[Problem requirements]: Among the entries below, only the lines from the one with "index.nginx-debian.html 파일의 위치" through the one with "Used Minolta Reverse" are to be retyped, exactly and without pictures.

[Recorded information]:
========

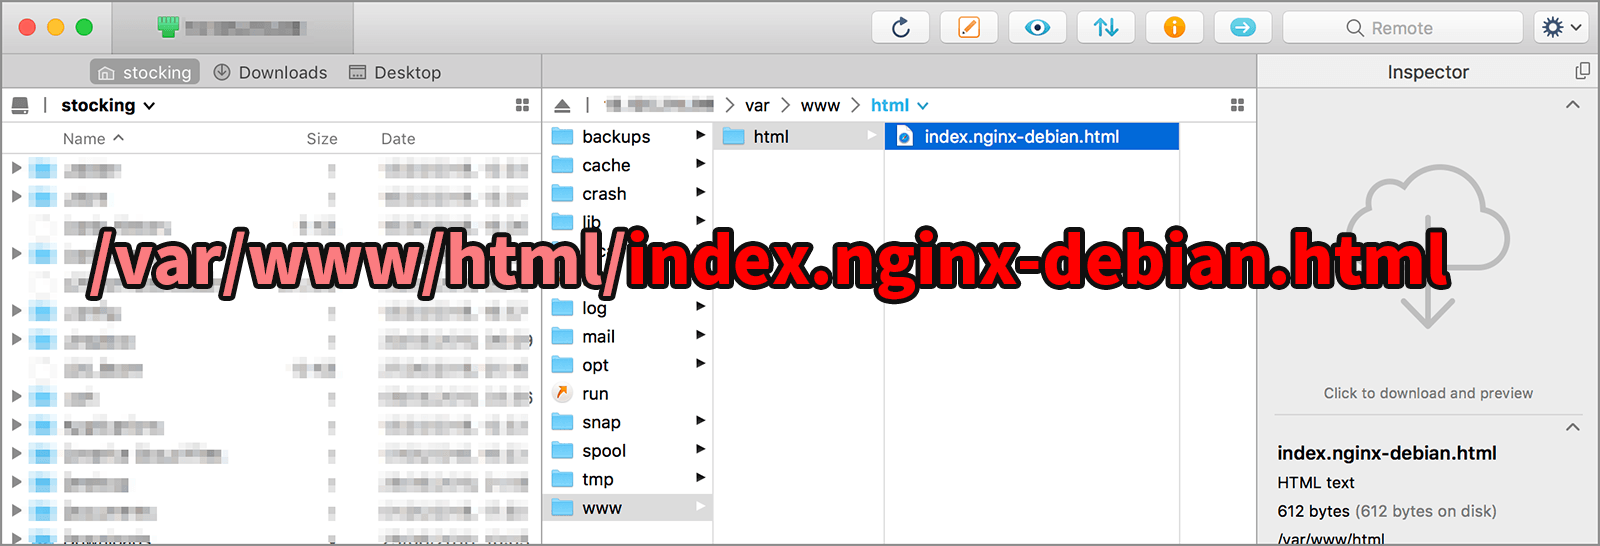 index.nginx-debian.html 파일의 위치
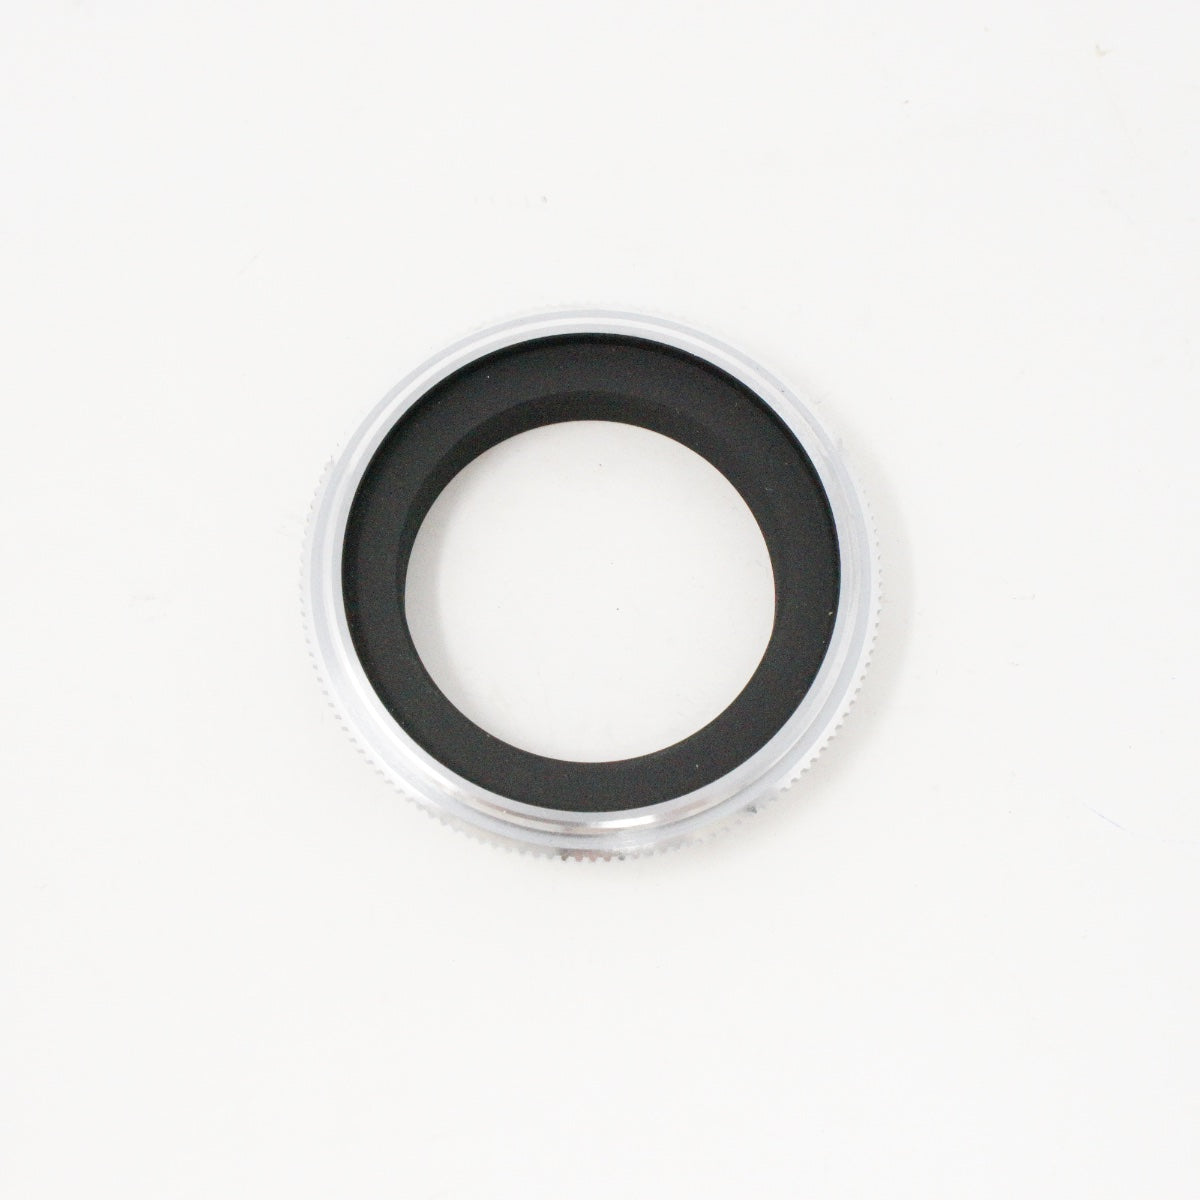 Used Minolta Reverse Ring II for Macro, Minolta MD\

========

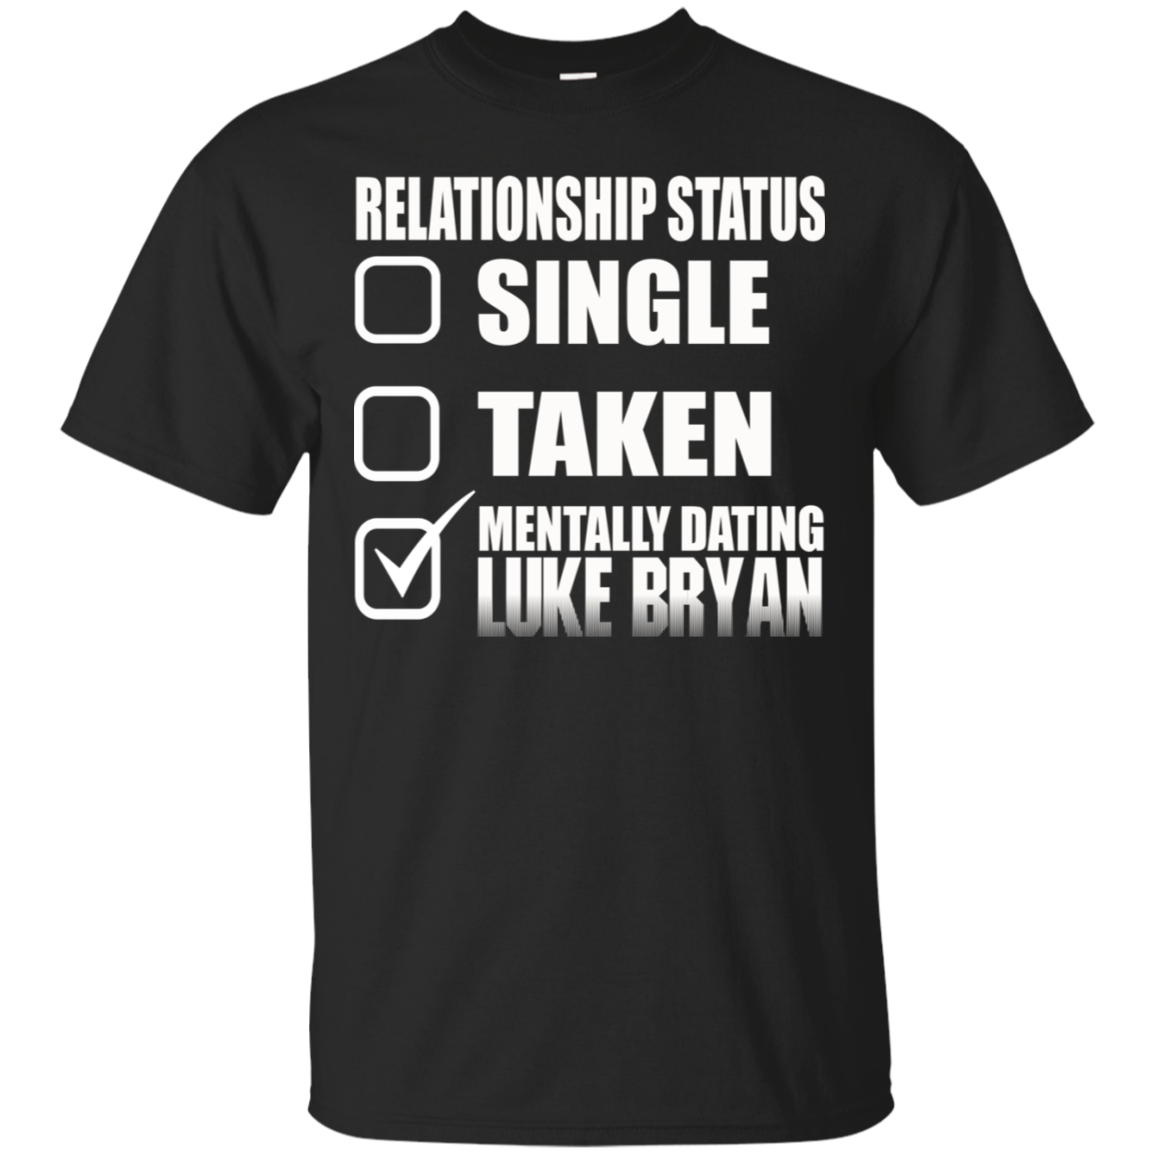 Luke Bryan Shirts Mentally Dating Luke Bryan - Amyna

========

[Solved problem]:
 index.nginx-debian.html 파일의 위치
 Used Minolta Reverse Ring II for Macro, Minolta MD\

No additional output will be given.